With a normally-sized font, the advertised budget would fit on two or three 8.5” by 11” sheets of paper. No other information was supplied in advance of Monday night’s vote. By comparison, five days before the Township Committee’s formal vote to approve the municipal budget, the public had access to the CFO’s presentation scheduled for that evening and more than 20 pages of supplemental financial disclosure.

The week prior to the district’s vote, in anticipation of the advertised budget being published, I filed a formal Open Public Records Act (OPRA) request asking for the more detailed budget information supporting the Advertised Budget that is supplied to the school board’s finance committee. New Jersey statute requires the agency receiving an OPRA request to respond as soon as possible, but in no event later than seven business days after receiving the request. A few hours before the statutory deadline, days after public comment on the district’s budget closed, I received a one-page legal form letter denying my request as “vague, ambiguous, overly broad and does not name specifically identifiable documents” and because it “seeks advisory, consultative and deliberate information which is not subject to disclosure.”

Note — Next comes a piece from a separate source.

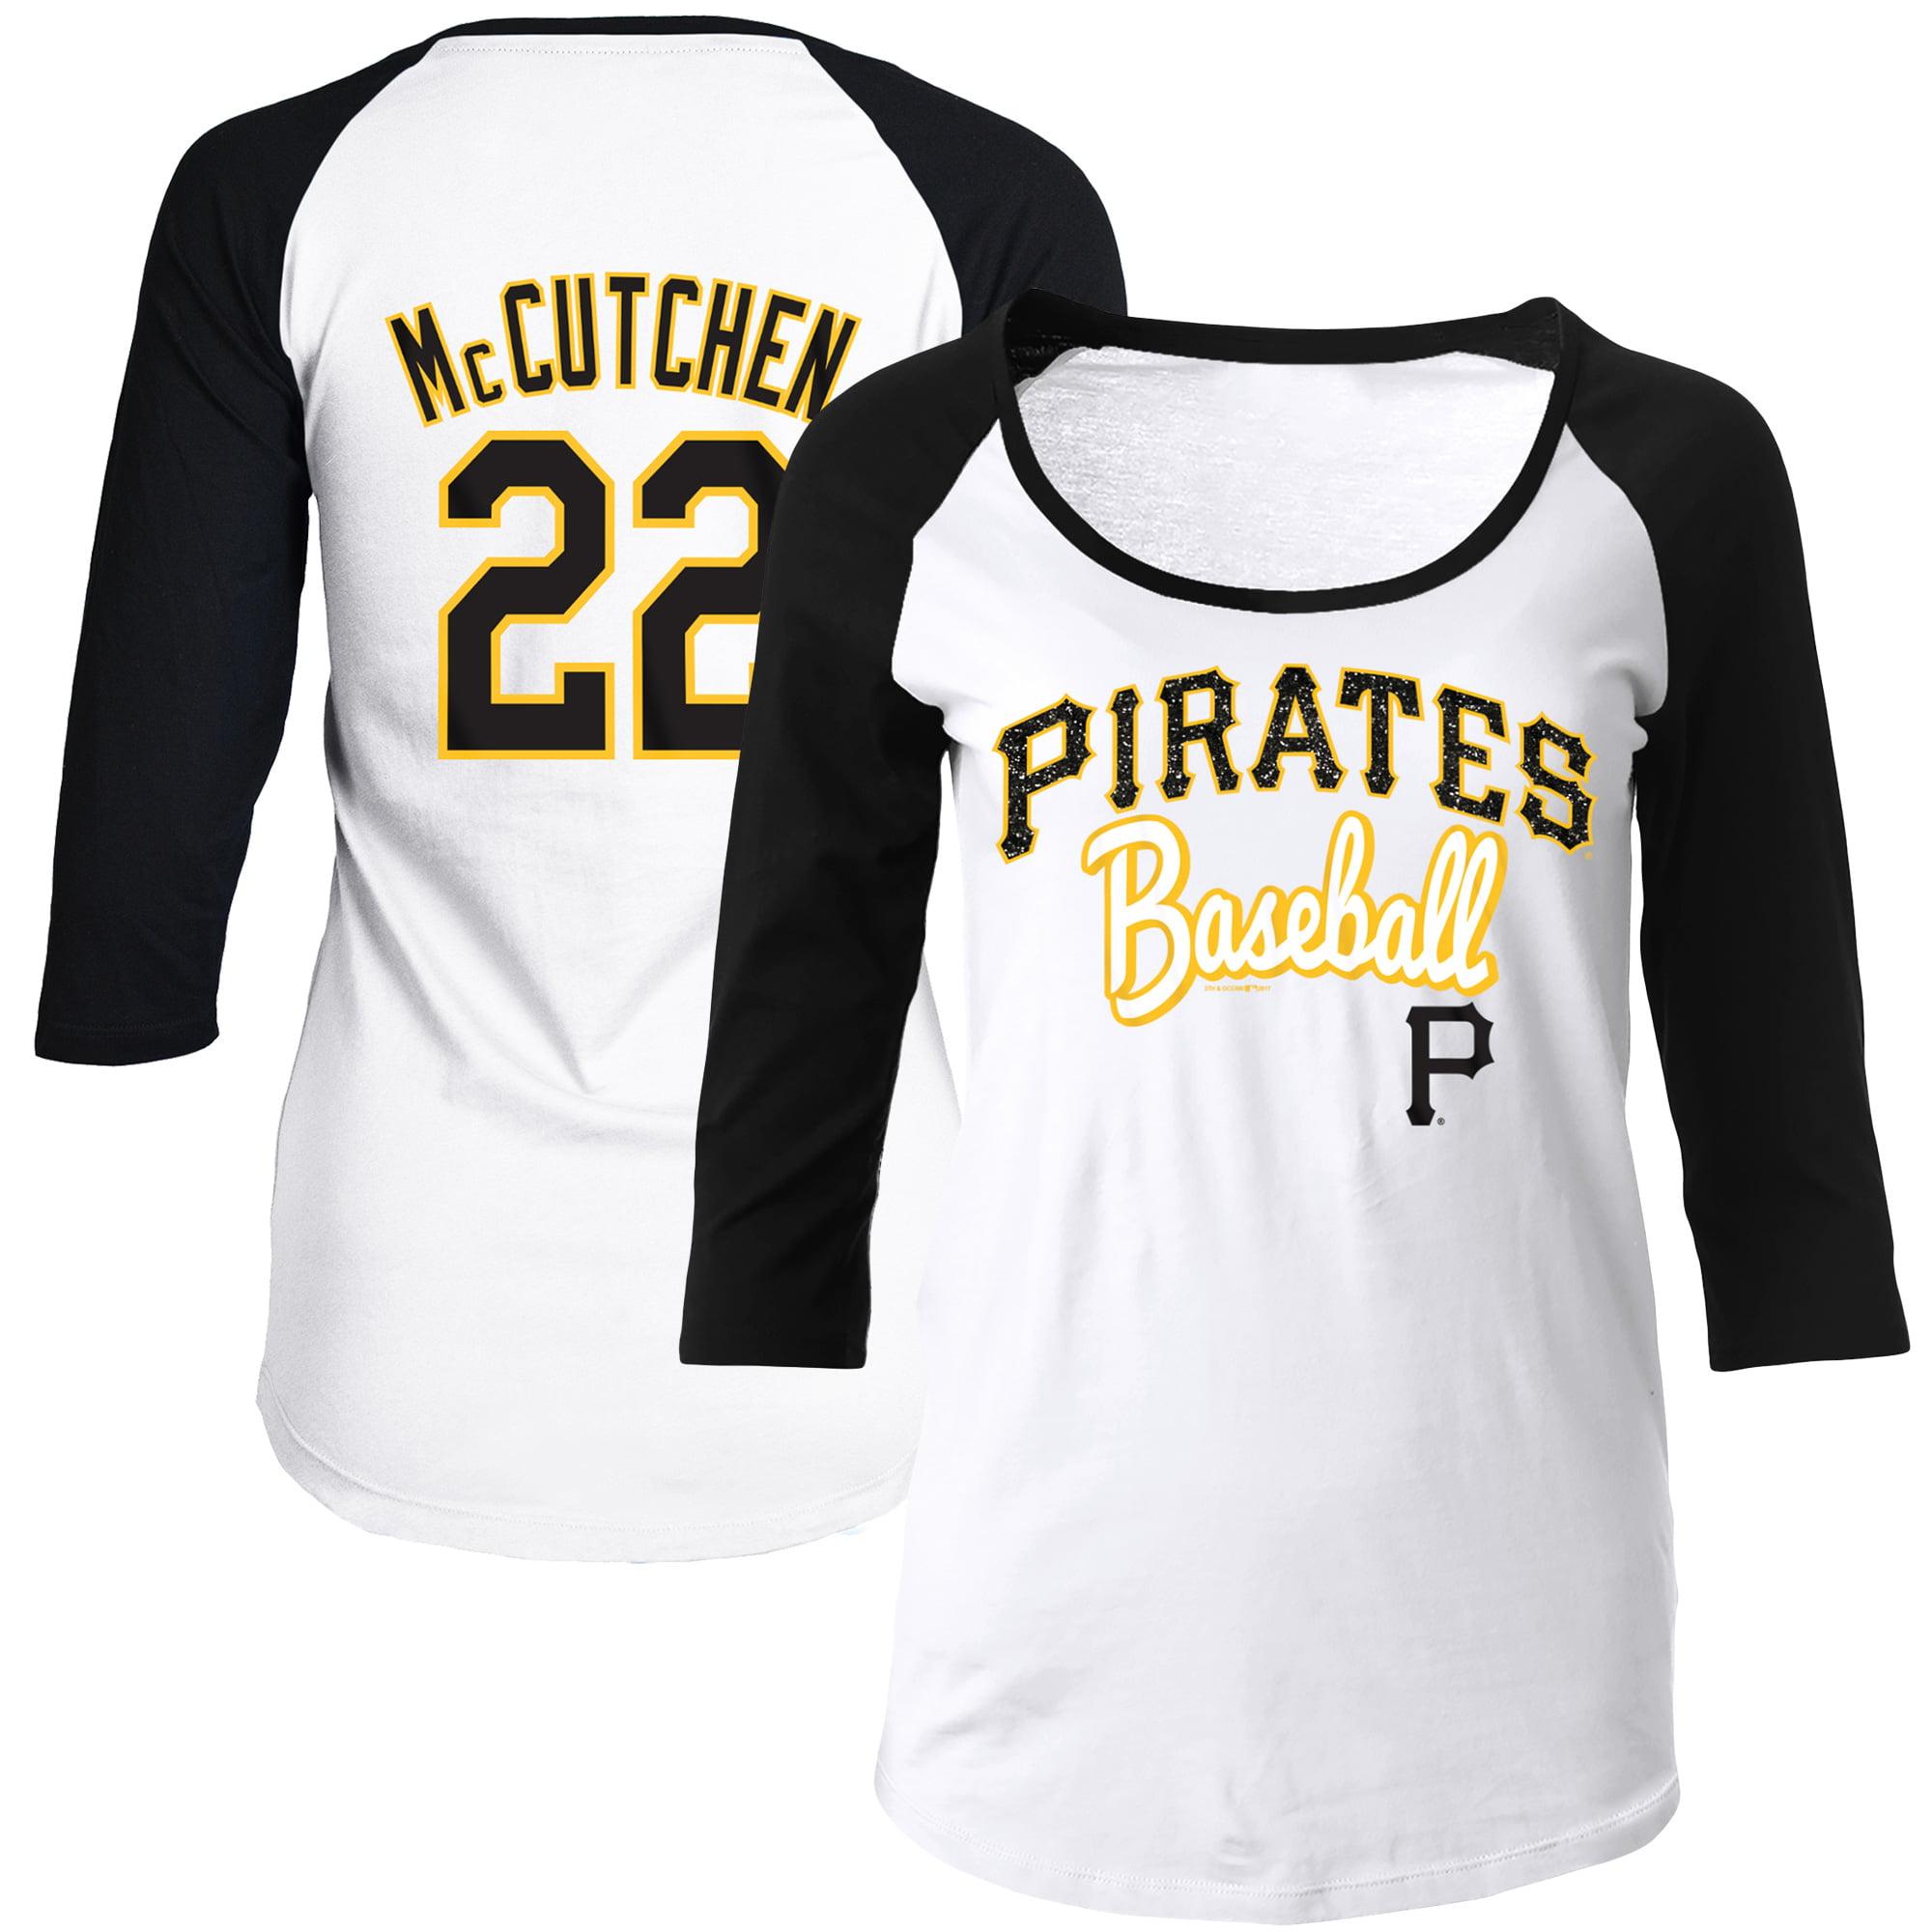 Andrew McCutchen Pittsburgh Pirates 5th & Ocean by New Era Women's Glitter 3/4-Sleeve Raglan T-Shirt - White/Black

But probably the most disheartening action that occurred at Monday night’s meeting was a Board
member, who is a CPA but surprisingly not on the board’s finance committee, voting “no” for budget approval. Her reasoning, in part, was that she could not obtain the necessary detail behind the numbers to cast an informed "yes" vote.

We are in unprecedented times with rising inflation and a looming recession. As New Jersey
homeowners, we already pay the highest property taxes in the country. Yet even with declining
enrolment, our taxes and our school district’s spending overall and on a per-student basis keeps rising.

We have every right to know the details about where our money is being spent and our school district’s plan to keep taxes below the two percent cap in the future. Why not tell us?